The TESSDATA_PREFIX is set to the parent folder of the tessdata folder of the commandline tesseract 4.0.0 (C:\Program Files (x86)\Tesseract-OCR). The commandline tesseract produces reasonable output in all four OCR Engine Modes.
Here is my code:
package tessTest;
import java.util.ArrayList;
import java.util.List;
import net.sourceforge.tess4j.*;
import net.sourceforge.tess4j.ITesseract.RenderedFormat;
public class MainClass {
public static void main(String[] argv) {
ITesseract instance = new Tesseract1();
List<RenderedFormat> formats = new ArrayList<RenderedFormat>();
formats.add(RenderedFormat.PDF);
try {
instance.setPageSegMode(1);
instance.setOcrEngineMode(2);
instance.setTessVariable("textonly_pdf", "1");
instance.createDocuments("D:\\Documents\\Malverne.jpeg",
"D:\\Documents\\testOCR", formats);
} catch (TesseractException e) {
System.err.println(e.getMessage());
}
}
}
With setOcrEngineMode(1) or setOcrEngineMode(0) it produces the pdf as expected. With setOcrEngineMode(2) and setOcrEngineMode(3) it results in the following error:
Exception in thread "main" java.lang.Error: Invalid memory access
at net.sourceforge.tess4j.TessAPI1.TessBaseAPIProcessPages(Native Method)

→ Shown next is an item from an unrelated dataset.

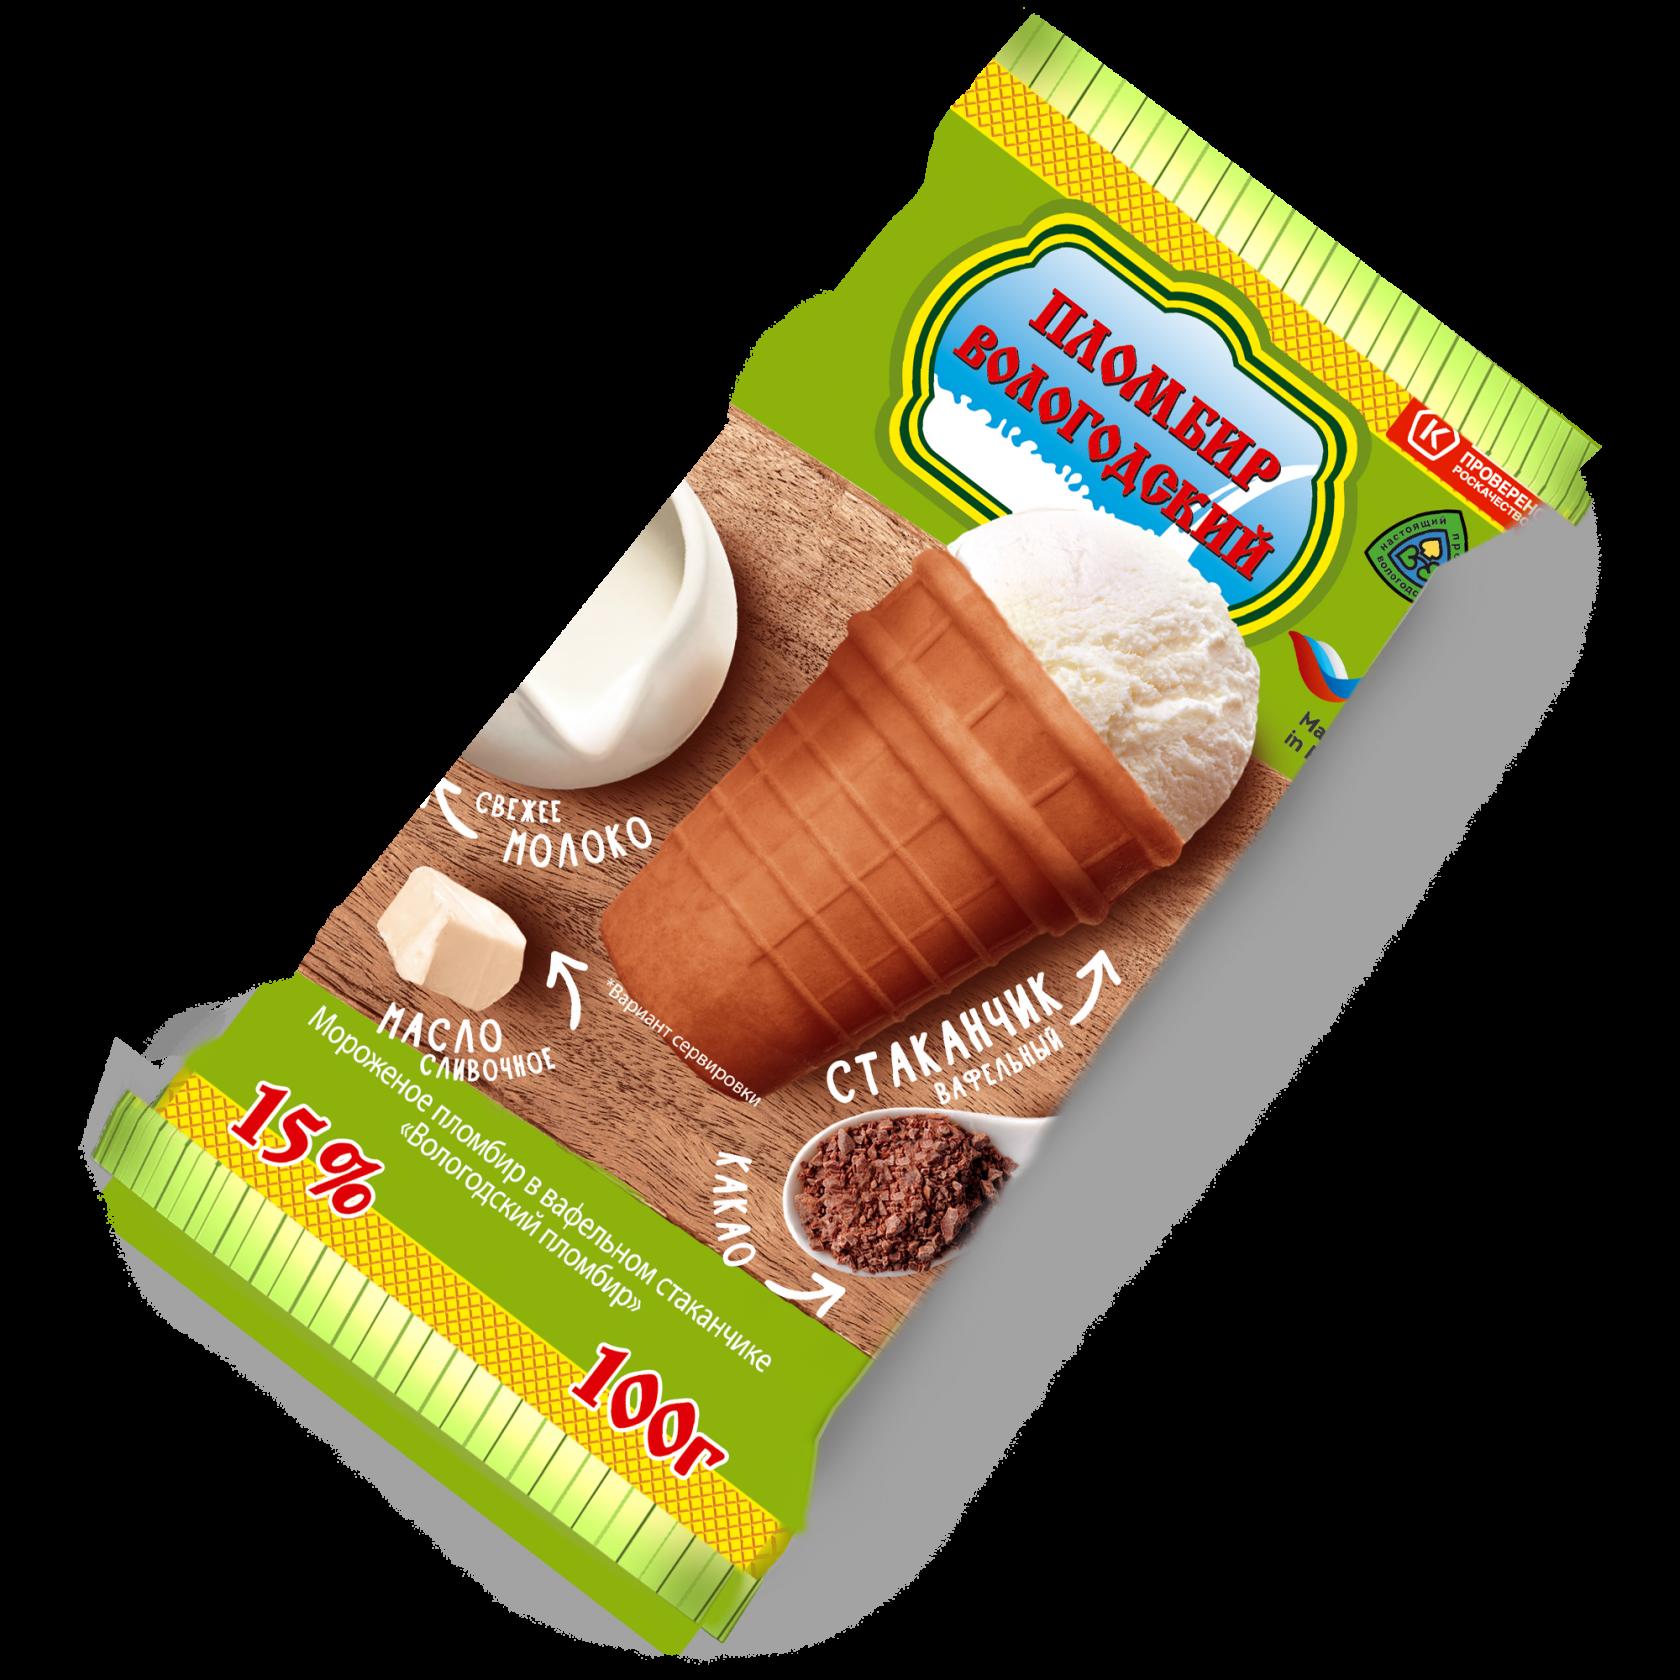 Мороженое Вологодский пломбир ст.ваниль 100гр.

at net.sourceforge.tess4j.Tesseract1.createDocuments(Tesseract1.java:542)
at net.sourceforge.tess4j.Tesseract1.createDocuments(Tesseract1.java:517)
at net.sourceforge.tess4j.Tesseract1.createDocuments(Tesseract1.java:484)
at tessTest.MainClass.main(MainClass.java:21)
Detected 358 diacritics
contains_unichar_id(unichar_id):Error:Assert failed:in file
c:\projects\github\tesseract-ocr\ccutil\unicharset.h, line 513
It seems to be an issue with this particular image since on other images OEM 2 works fine from tess4j 4.0.0. I am aware that preprocessing the image will probably help, but I am working on a project where regularily many thousands of pictures, only some of which are similar to this one, will have to be OCRed by users so tailored preprocessing on a case-by-case-basis is infeasible.
The image in question is this one: http://malvernetheatre.org/wp-content/uploads/2012/07/Malverne-Community-Theatre-Newspaper-Reviews-14-page-0.jpg
Any help would be greatly appreciated. Many thanks in advance.